還未等它徹底穩住本源,滄海之力已然降臨。

林龍雙臂一震,周身混沌氣機化作無邊深海,虛空如同被注入重量,開始向下塌陷。他一步步向前,每一步落下,便有一層“界海”鋪展,浪濤翻湧間,淵核閻猊的身軀被強行拖入這片無盡滄海。那不是水,而是被具現化的界執洪流,每一次浪湧都在剝離災厄的穩定性,將其存在層級一點點壓低、碾碎。

三種混沌級力量在這一刻完成閉合。雷域封鎖逃逸,殞曦湮滅規則,滄海鎮壓本源。

淵核閻猊發出最後的咆哮,九首同時張開,試圖引爆自身淵因核心,與整片戰場同歸於盡。然而它的核心尚未完全點燃,張林已然抬手按下。

混沌雷域驟然收縮,所有雷柱同時內塌,化作一枚覆蓋天穹的雷印,將淵核閻猊連同它體內瘋狂震盪的災厄核心一併壓入雷印中心。曦寰落指尖輕輕一合,殞曦之日驟然崩解為無數終焉碎光,沿著雷印裂縫滲入其體內,將所有尚未爆發的災厄可能性逐一熄滅。

最後,林龍低聲一喝,界海翻覆。

無盡滄海向內坍縮,形成一枚深藍色的混沌界殼,將雷印與殞曦餘輝徹底封死。界殼閉合的瞬間,淵核閻猊的龐大身影在其中被層層壓碎,鱗甲、血肉、災厄符構、本源核心——一寸寸崩解、溶解、抹平,連“災厄妖獸淵核閻猊”這一命題本身,都在混沌級鎮殺中被徹底碾滅。天地在短暫的失聲後,重新恢復流動。淵核閻猊徹底被寂滅抹去。

戰場的餘燼尚未完全消散,破碎的天穹在緩慢縫合,像是一張被強行撕裂後又勉強縫補的舊幕布,空氣中殘留的混沌雷痕、殞曦餘輝與界海潮息仍在彼此碰撞,發出細微而令人心悸的低鳴。無因天宗原本所在的位置,此刻只剩下一片無法被命名的空白,沒有廢墟,沒有殘骸,甚至沒有“曾經存在過”的痕跡,彷彿那裡自始至終就只是一塊無人踏足的虛無。

張林緩緩落地,腳下虛空微微震顫,他伸手攙扶起那名幾乎站立不穩的寂玄境長老。那長老身上的氣機紊亂不堪,邏輯層面出現了明顯的斷裂痕跡,雙眼赤紅,卻流不出一滴淚,像是連悲傷本身都被抽空了。

“我們來晚了。”張林的聲音低沉而剋制,每一個字都像是壓在胸口的重錘。

那張長老喉嚨裡發出一聲近乎破碎的低響,肩膀劇烈顫抖,許久之後才擠出話來,聲音沙啞得不像是一個還活著的人:“整個無因天宗……還有和我一同前來支援的那些長老、弟子……全都沒了。”他抬起頭,望向那片空無一物的區域,眼神中充滿了無法理解的空洞,“那頭畜牲……不只是殺了他們,它把無因天宗‘存在本身’都抹去了。宗門、傳承、名號、因果……全都不復存在了。”

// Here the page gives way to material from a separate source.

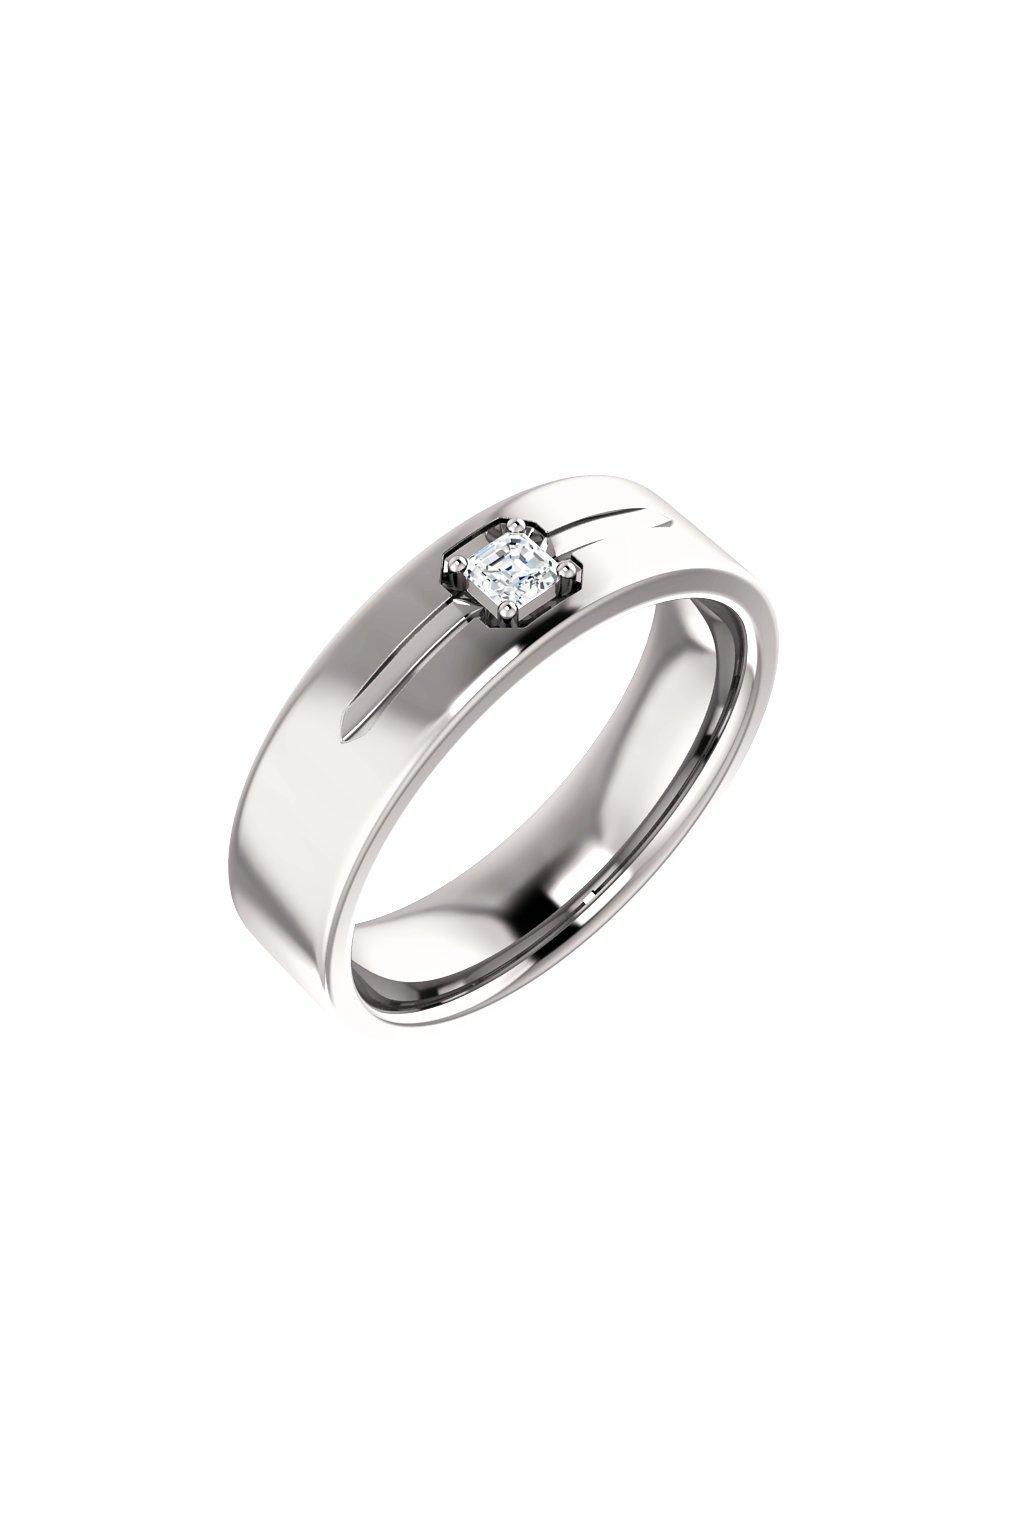 Pánský snubní prsten Royalis Excellency - Asscher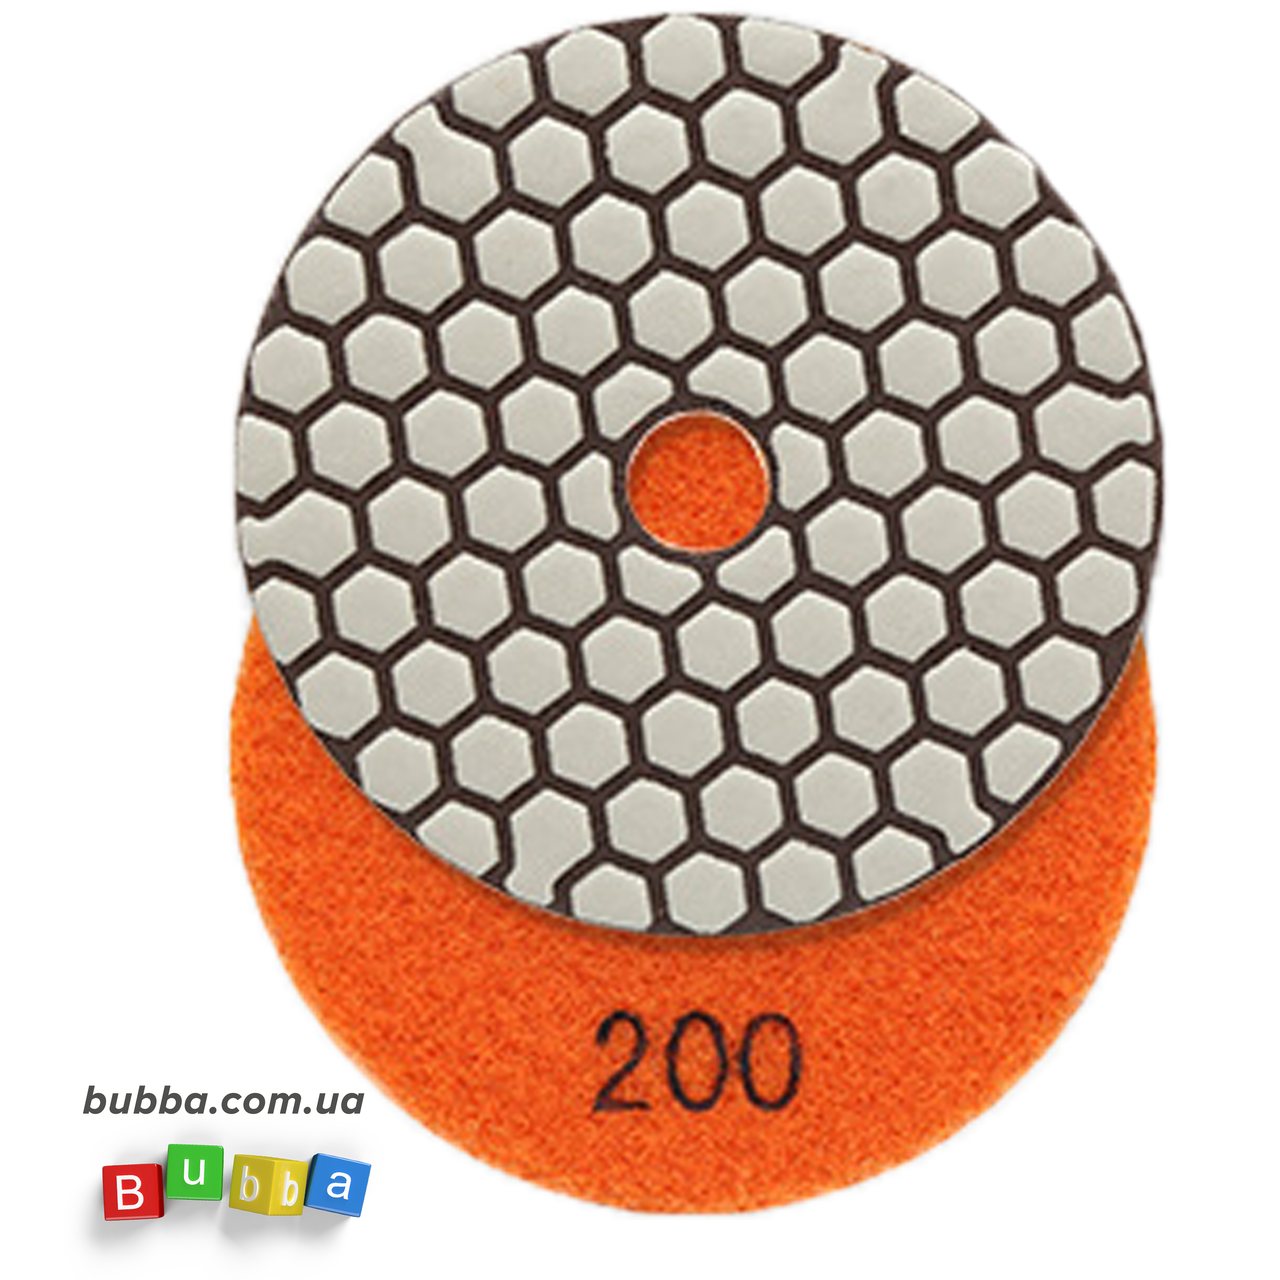 Алмазный гибкий шлифовальный круг ЧЕРЕПАШКА для сухой шлифовки, АГШК зернистость 200, d 100мм

虛空中一陣微不可察的寒意掠過,彷彿連天地都在為這句話而短暫停頓。

曦寰落立於一旁,殞曦之輝早已收斂,但她周身依舊籠罩著一層淡淡的終焉氣息。她靜靜看著那片空白,目光冷冽而清醒,像是在注視一段尚未結束的災厄脈絡。片刻之後,她緩緩開口,語氣平靜,卻帶著不容反駁的決斷:“走吧。”

她轉過身,衣袍輕動,彷彿黃昏掠過世界邊緣。“九頭災厄妖獸,如今還剩七頭。淵核閻猊,不過是其中之一。”她的聲音在虛空中迴盪,“我們不能繼續停留在這裡。神殿的其他區域,還需要我們回去駐守。”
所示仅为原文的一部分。